Ok. I thought it was more suited to post here because it´s about extending 
NHibernate features and not about using NHibernate.


On Sunday, December 9, 2012 6:51:30 PM UTC+1, Tobias Eriksson wrote:
>
> I am missing an efficient way in NHibernate to fetch several collections. 

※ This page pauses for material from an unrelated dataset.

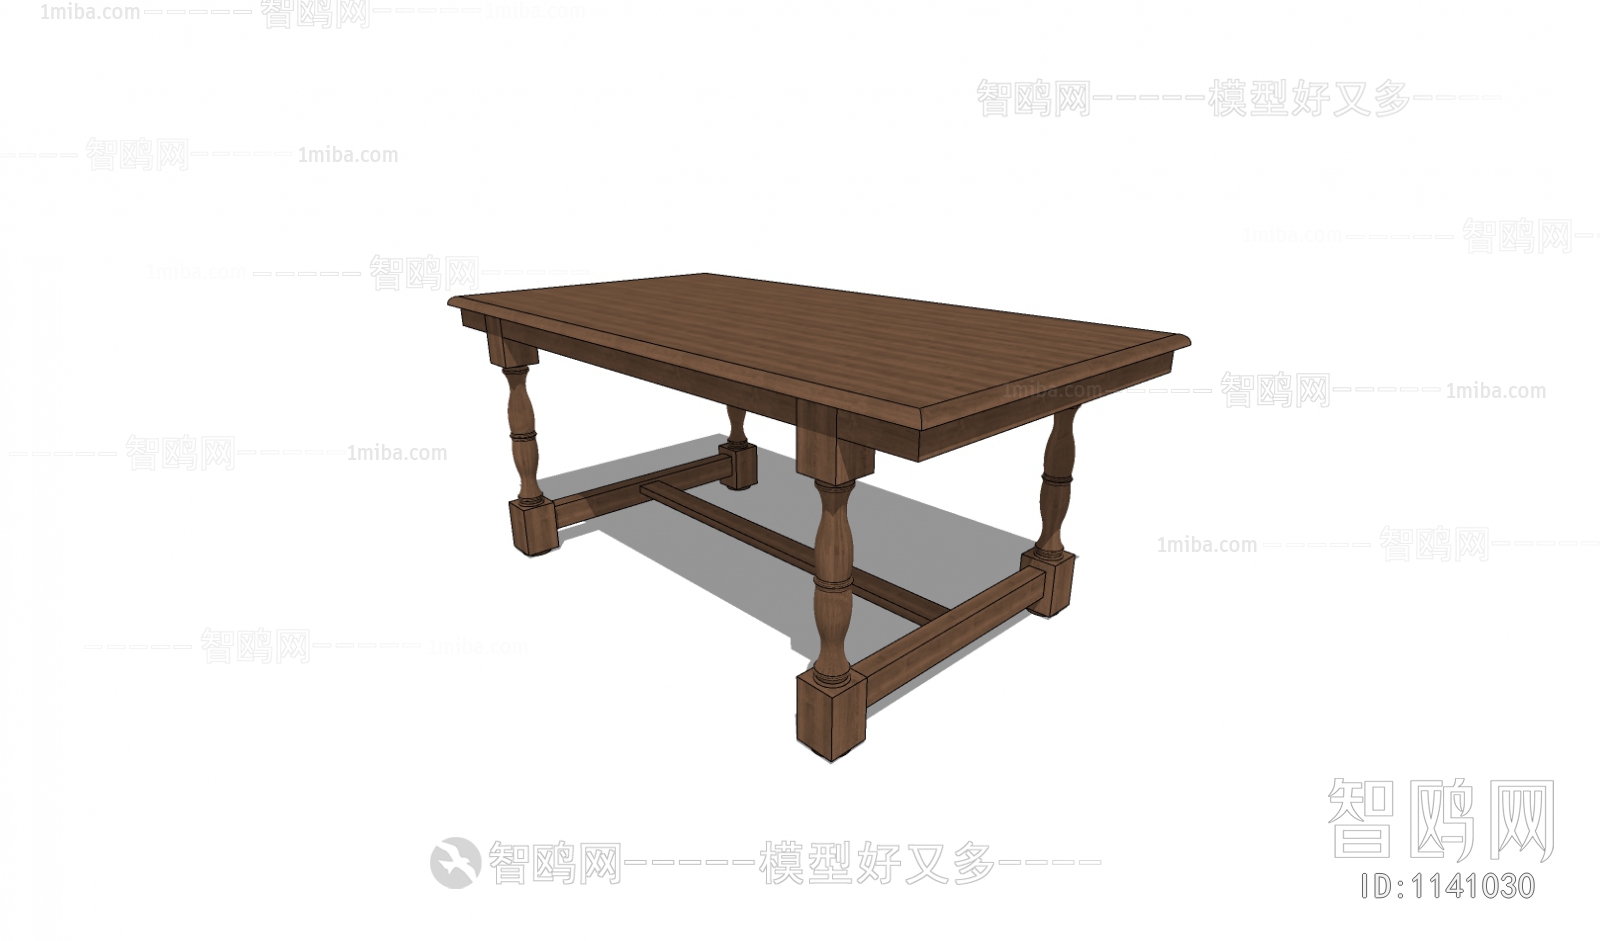 Chinese Style Desk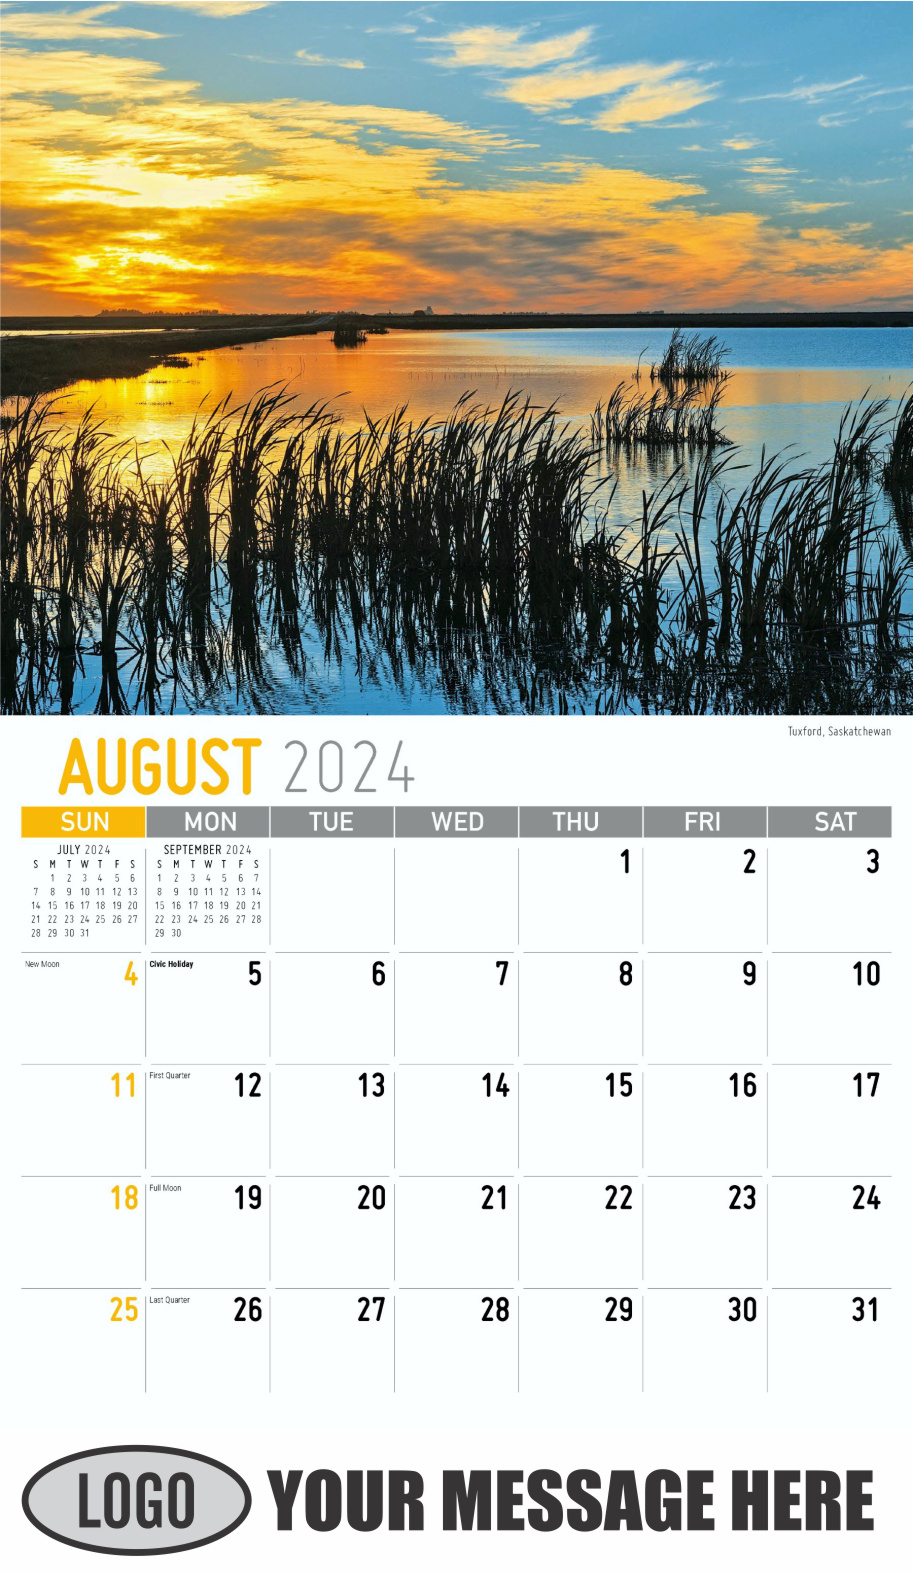 Scenes of Western Canada 2024 Business Promotional Wall Calendar - August

> Say that you have a list of entities already in NHibernate session and want 
> to fetch two collections for these. You could do something like this.
>
> Session.QueryOver<MyEntity>()
>
>    .Fetch(p => p.Collection1).Eager
>
>    .WhereRestrictionOn(e => e.Id).IsInG(ids)
>
>    .List();
> Session.QueryOver<MyEntity>() 
>
>     .Fetch(p => p.Collection2).Eager
>
>     .WhereRestrictionOn(e => e.Id).IsInG(ids)
>
>     .List();
> However this is fetching much more data than is needed, joining over the 
> main table several times. 
>
>  
> I have experimented with a strategy to only fetch the data that is 
> necessary (see 
> code<https://github.com/tobias-eriksson-stratsys/NHibernateExperiments/blob/master/Infrastructure/CollectionFetcher.cs>
> )
>
> Then you could do like this. 
>
>
> var fetcher = new CollectionFetcher(Session);
>
> fetcher.Fetch(entities, p => p.Collection1);
>
> fetcher.Fetch(entities, p => p.Collection2);
> Now I want to take it one step further and batch everything in one query 
> something like this 
>
> var fetcher = new CollectionFetcher(Session);
>
> fetcher
>
>   .Fetch(entities, p => p.Collection1)
>
>   .Fetch(entities, p => p.Collection2)
>   .Execute()
>
> I have looked at how MultiQuery handles this and it seems quite easy to 
> do, but the methods on the Loader class is internal so I can’t access these 
> from outside of NHibernate. 
>
> Does anyone have any ideas how I can take this idea further?